→ **What to work on**
Write out exactly the lines from the one with "कैसे डाउनलोड करें PVC आधार कार्ड" through the last line of the data below, but not the pictures.

→ **Given information**
---
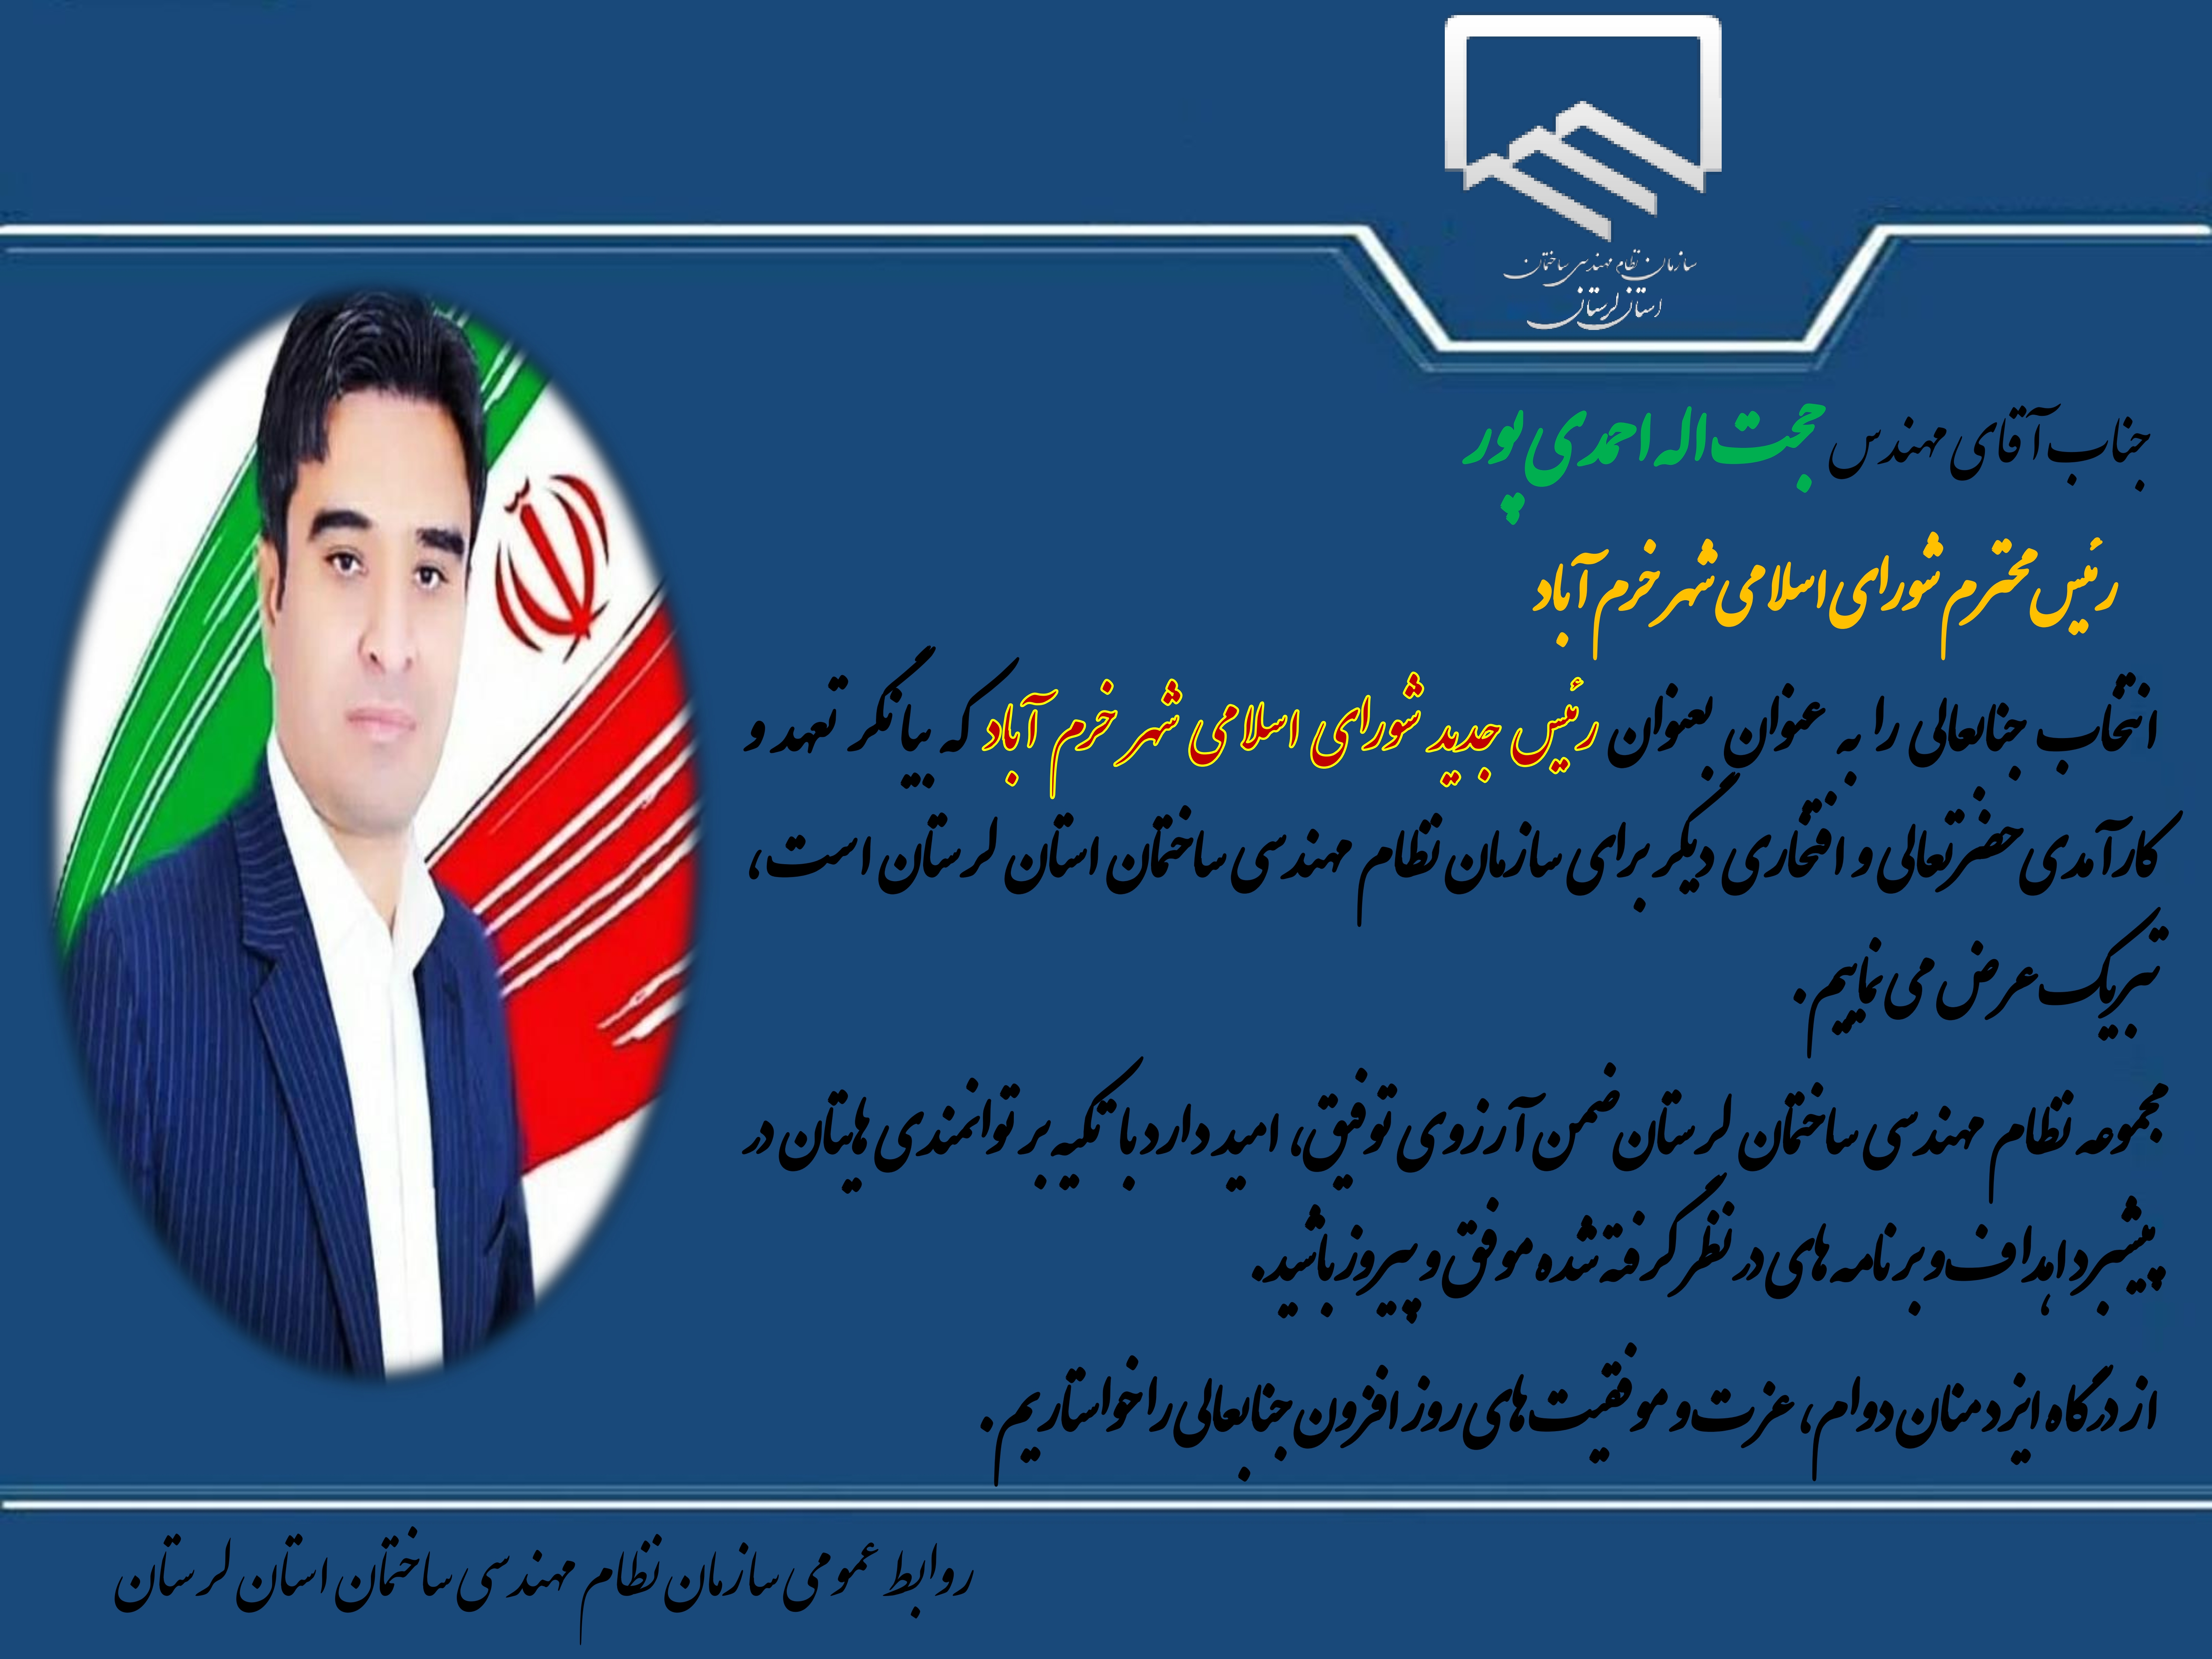 انتخاب جناب آقای مهندس حجت اله احمدی پور به عنوان رئیس شورای اسلامی شهر خرم آباد 
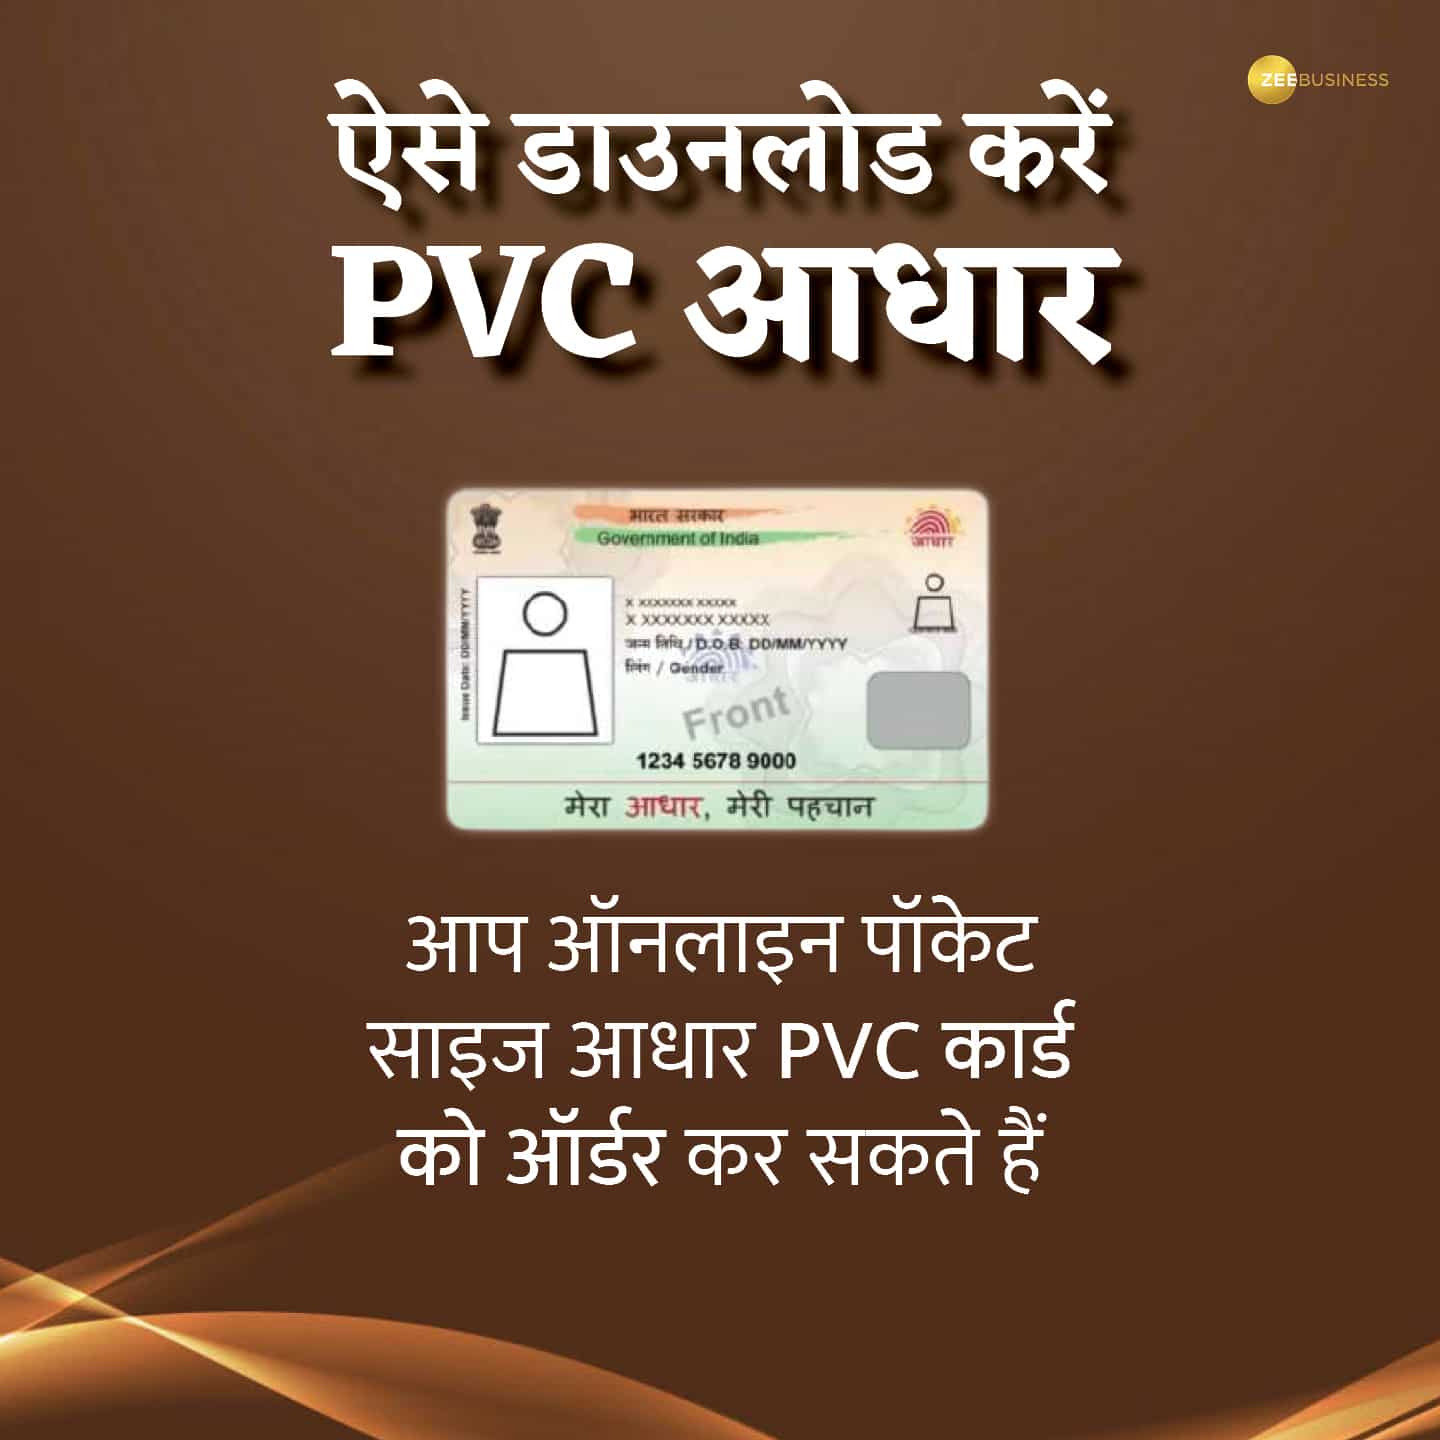 कैसे डाउनलोड करें PVC आधार कार्ड
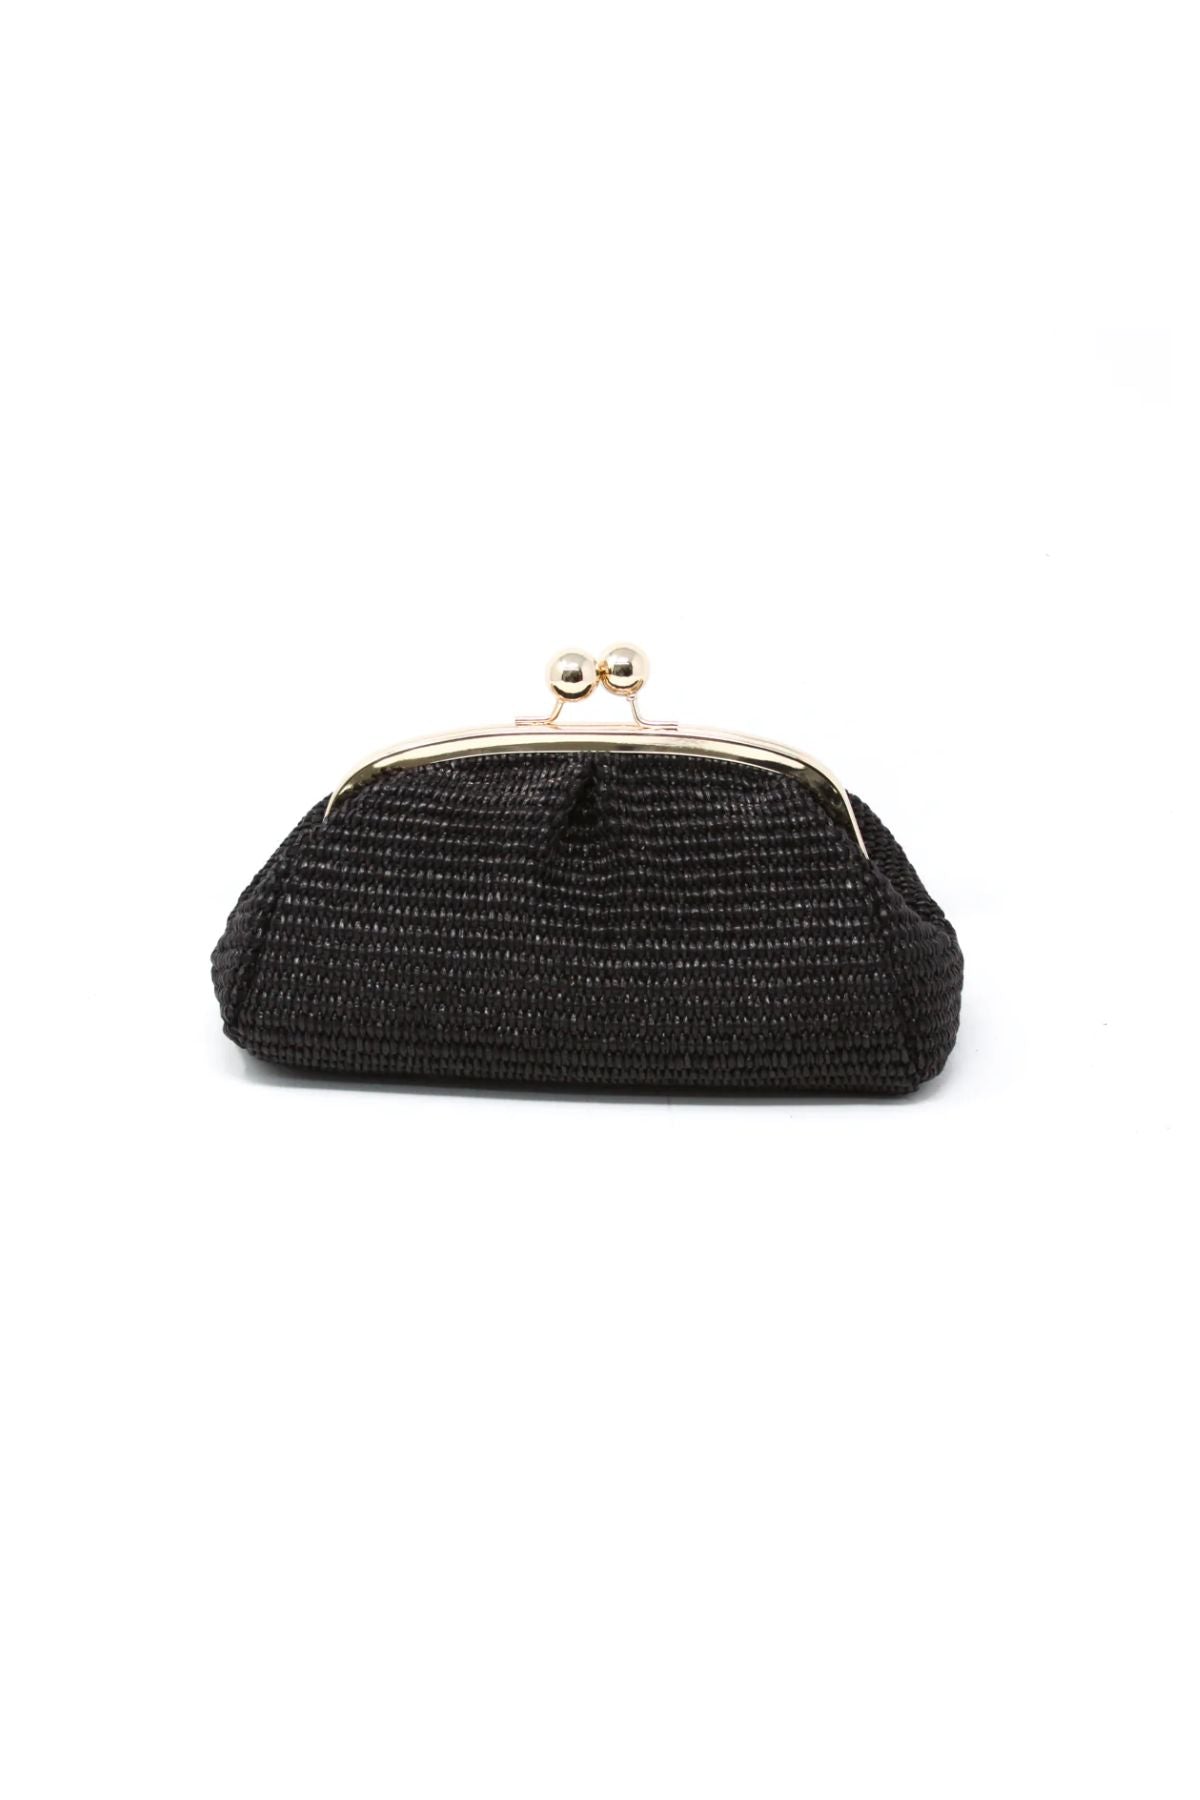 Black rafia handbag
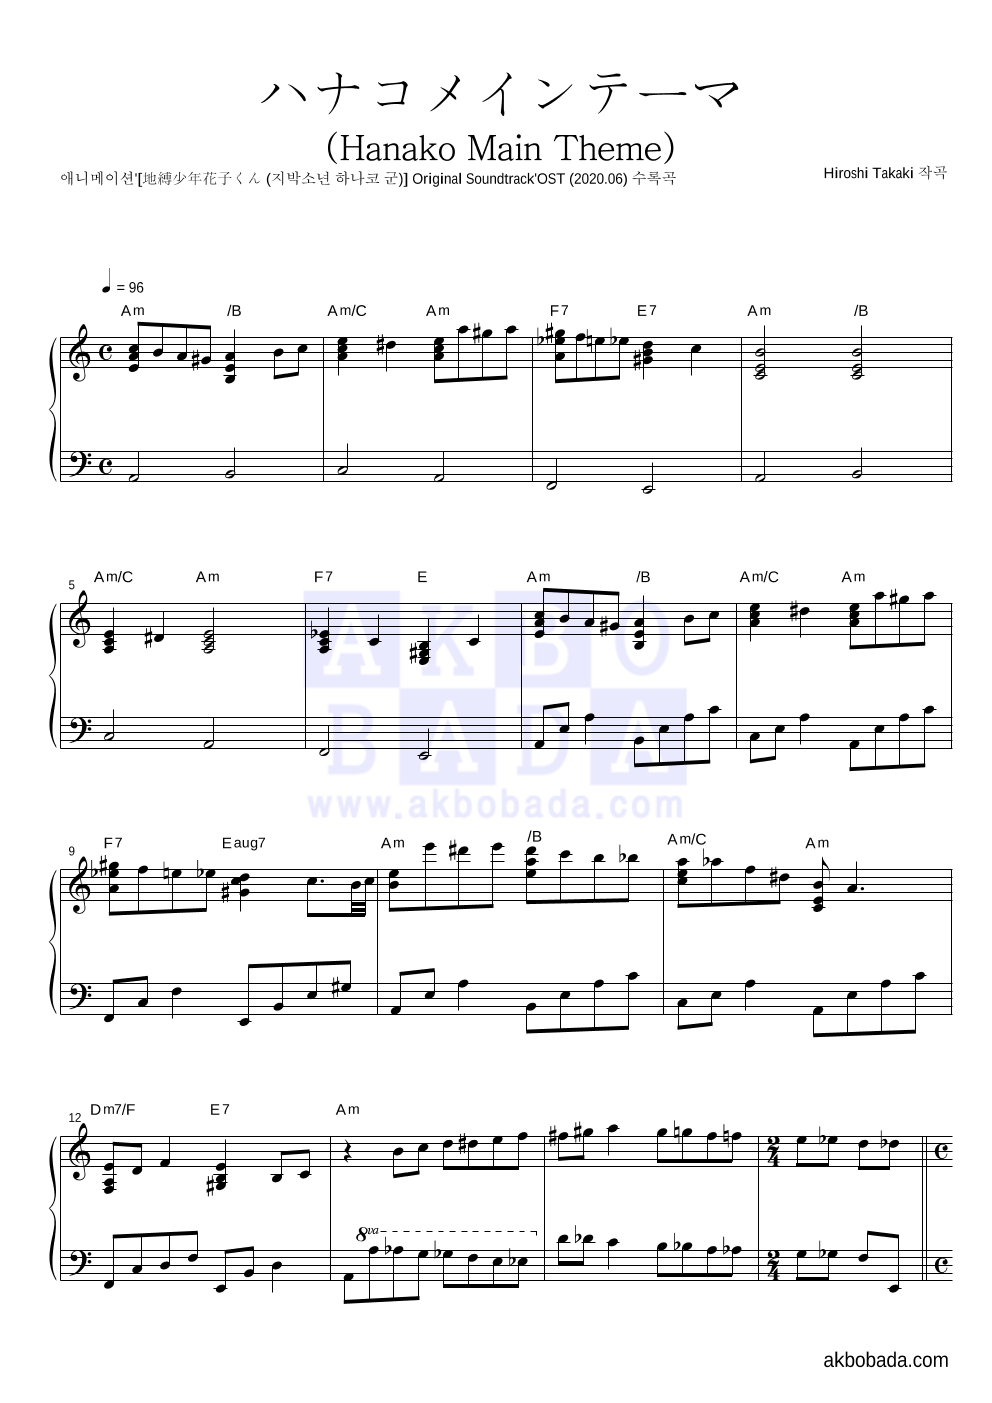 지박소년 하나코 군 - ハナコメインテーマ (Hanako Main Theme) 피아노 2단 악보
---
→ **Result of the exercise**
 कैसे डाउनलोड करें PVC आधार कार्ड
 Black rafia handbag
 지박소년 하나코 군 - ハナコメインテーマ (Hanako Main Theme) 피아노 2단 악보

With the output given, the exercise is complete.